Text embedding is a technique that converts text into numerical vectors. These vectors can capture the semantic information of text, enabling computers to "understand" and process the meaning of text. Specifically:

  • Text embedding maps words or sentences to points in a high-dimensional vector space
  • In this vector space, semantically similar texts are mapped to nearby locations
  • Vectors typically consist of hundreds of numbers (e.g., 512 dimensions, 1024 dimensions)
  • Vector similarity can be calculated using mathematical methods (e.g., cosine similarity)
  • Common text embedding models include Word2Vec, BERT, BGE, etc.

In this project, we use Tongyi Qianwen's text embedding model to generate vector representations of documents, which will be stored in OceanBase database for subsequent similarity retrieval.

For example, when using an embedding model to convert "apple", "banana", and "orange" into 4-dimensional vectors, their vector representations might look like the diagram below. Note that we reduced the vector dimensions to 4 for easier visualization - in practice, text embedding vectors usually have hundreds or thousands of dimensions. For instance, the text-embedding-v3 model we use from Tongyi Qianwen produces 1024-dimensional vectors.

Embedding Example

What is Vector Retrieval?

Vector retrieval is a technique for quickly finding the most similar vectors to a query vector in a vector database. Its key features include:

  • Search based on vector distance (e.g., Euclidean distance) or similarity (e.g., cosine similarity)
  • Typically uses Approximate Nearest Neighbor (ANN) algorithms to improve retrieval efficiency
  • OceanBase 4.3.5 supports the HNSW algorithm, which is a high-performance ANN algorithm
  • ANN can quickly find the most similar results approximately from millions or even billions of vectors
  • Compared to traditional keyword search, vector retrieval better understands semantic similarity

OceanBase has added excellent support for "vector" as a data type in its relational database model, enabling efficient storage and retrieval of both vector data and conventional structured data in a single database. In this project, we use OceanBase's HNSW (Hierarchical Navigable Small World) vector index to implement efficient vector retrieval, helping us quickly find the most relevant document fragments for user questions.

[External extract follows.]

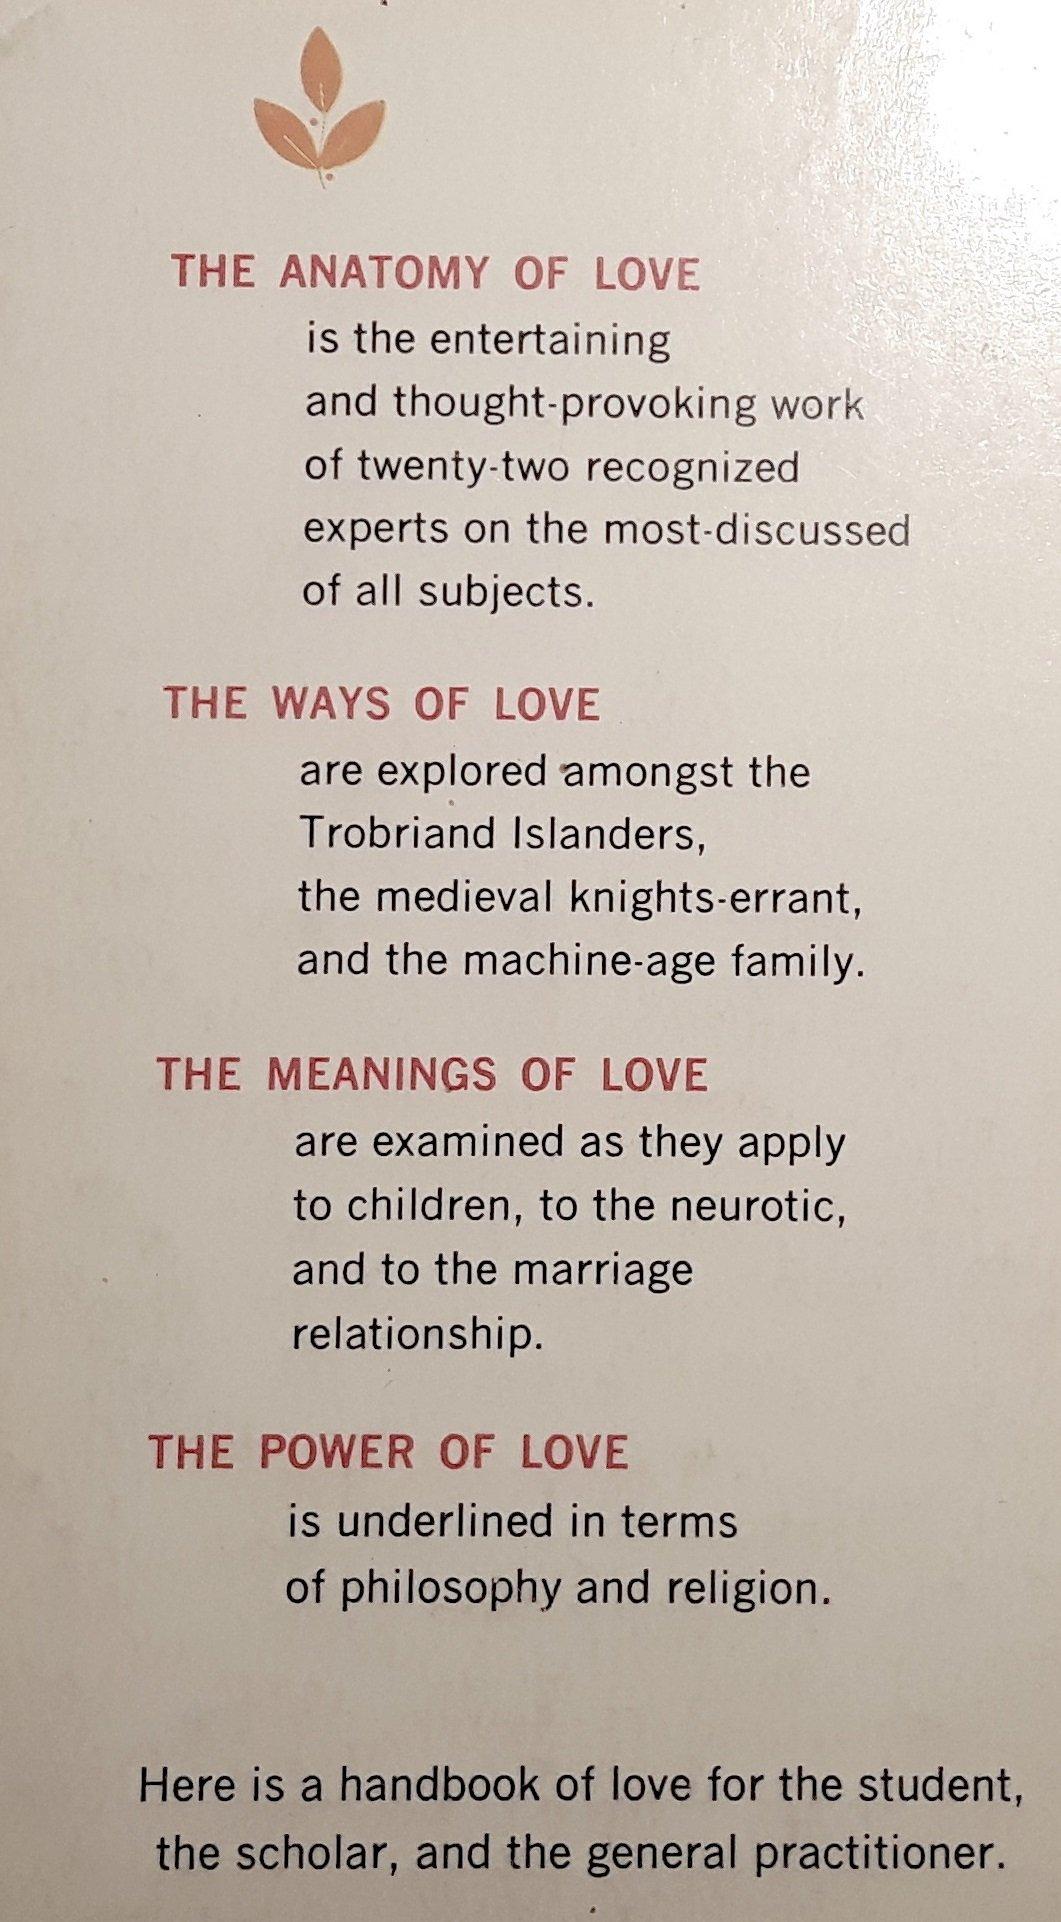 THE ANATOMY OF LOVE: A. M. (editor) Krich: Books - Amazon.ca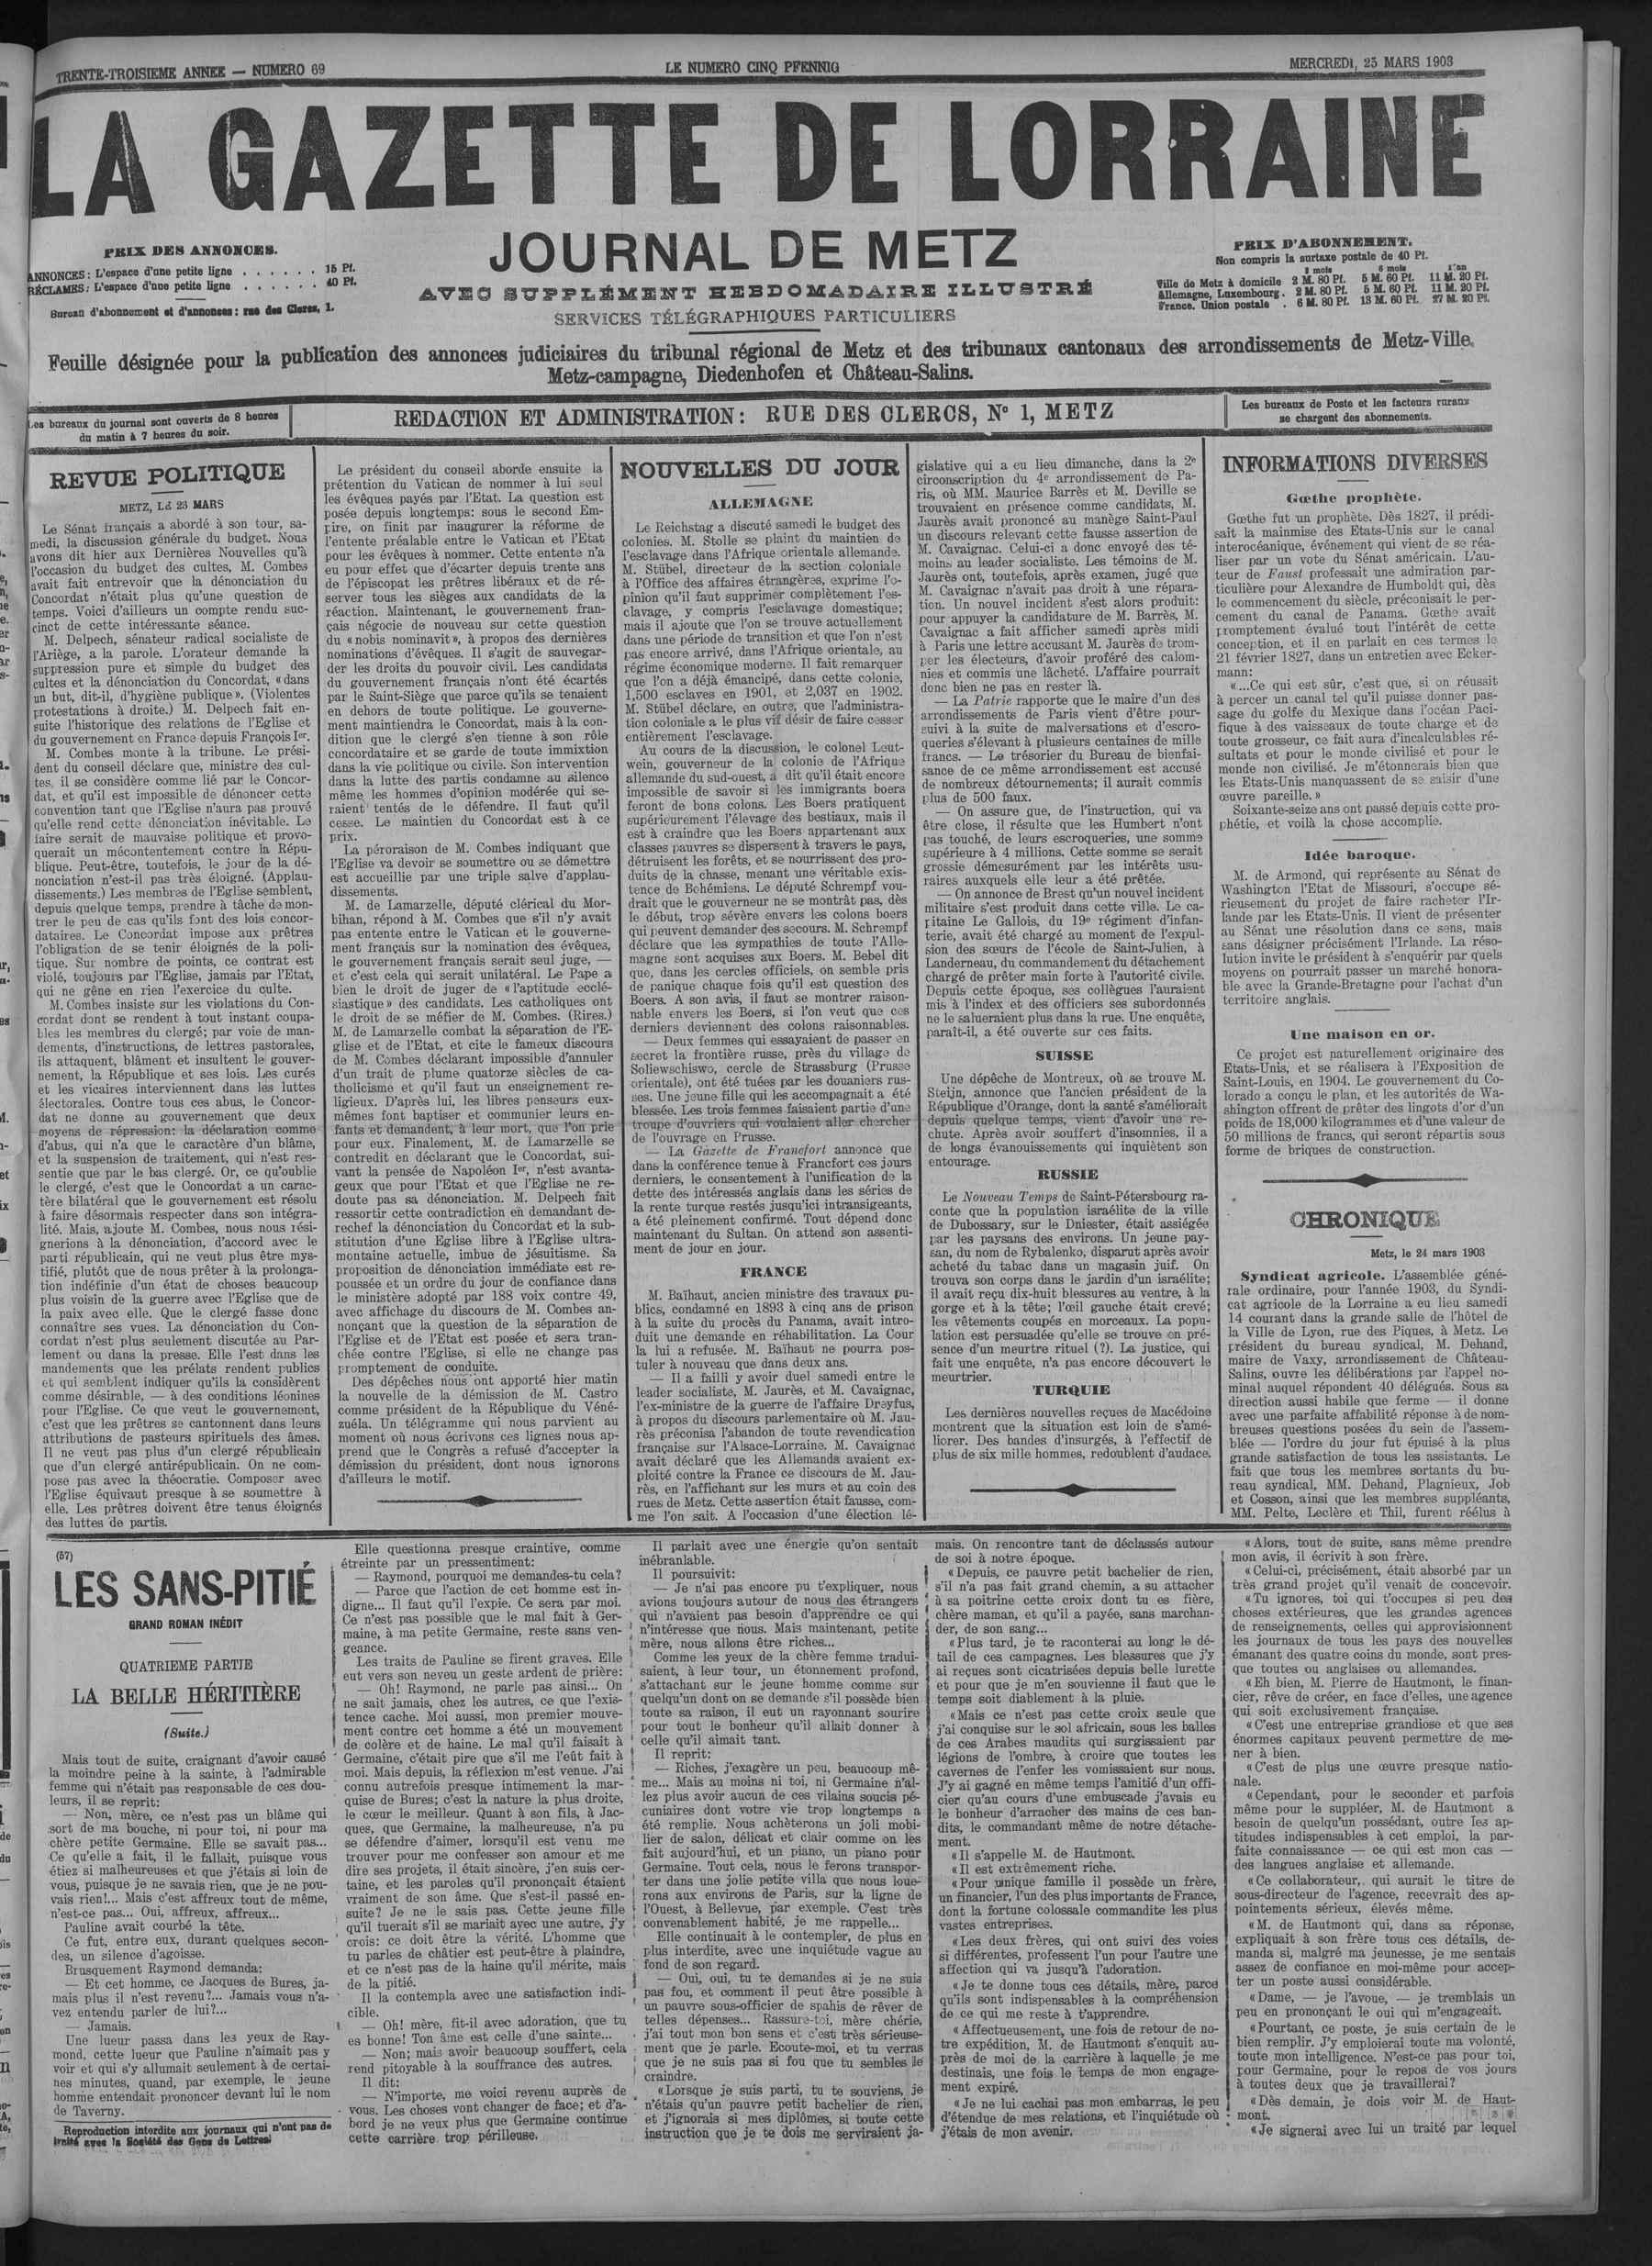 Contenu du La Gazette de Lorraine journal de Metz

If we use "Fuji" as a query text in an OceanBase database that already has embeddings for "apple", "banana", and "orange", we might get results like the diagram below, where the similarity between "apple" and "Fuji" is highest. (Assuming we use cosine similarity as the similarity measure)

Vector Search Example

What is RAG?

RAG (Retrieval-Augmented Generation) is a hybrid architecture that combines retrieval systems with generative AI to improve the accuracy and reliability of AI responses. The workflow consists of:

  1. Retrieval Phase:
  • Convert user questions into vectors
  • Retrieve relevant documents from the knowledge base
  • Select the most relevant document fragments
  1. Generation Phase:
  • Provide retrieved documents as context to the large language model
  • Generate answers based on questions and context
  • Ensure answer sources are traceable

Key advantages of RAG:

  • Reduces hallucination problems in large language models
  • Can utilize latest knowledge and domain-specific information
  • Provides verifiable and traceable answers
  • Suitable for building domain-specific Q&A systems

Training and releasing large language models takes considerable time, and training data stops updating once training begins. While the amount of information in the real world continues to increase constantly, it's unrealistic to expect language models to spontaneously master the latest information after being "unconscious" for several months. RAG essentially gives large models a "search engine", allowing them to acquire new knowledge input before answering questions, which typically significantly improves the accuracy of generated responses.

Prerequisites

Notes: If you are participating in the OceanBase AI Workshop, you can skip steps 1 ~ 4 below. All required software is already prepared on the machine. :)

  1. Install Python 3.11+ and pip.

  2. Install uv with command curl -LsSf https://astral.sh/uv/install.sh | sh or pip install uv

  3. Install Docker (Optional, only required if you want to run OceanBase in a Docker container)

  4. Install MySQL client, using yum install -y mysql or apt-get install -y mysql-client (Optional, only required if you want to test database connection with MySQL client)

  5. Ensure your project code is up to date, recommended to run git pull in the project directory

  6. Register an Alibaba Cloud Bailian account, activate model service and obtain API Key

Activate Model Service

Confirm to Activate Model Service

Alibaba Cloud Bailian

Get Alibaba Cloud Bailian API Key

Building the Chatbot

1. Get an OceanBase Database

First, we need to obtain an OceanBase database version 4.3.5 or above to store our vector data. You can get an OceanBase database through either of these two methods:

  1. Use the OB Cloud database free trial instances. For platform registration and instance creation, please refer to OB Cloud Database 365-Day Free Trial; (Recommended)
  2. Use Docker to start a standalone OceanBase database. (Alternative option, requires Docker environment, consumes more local resources)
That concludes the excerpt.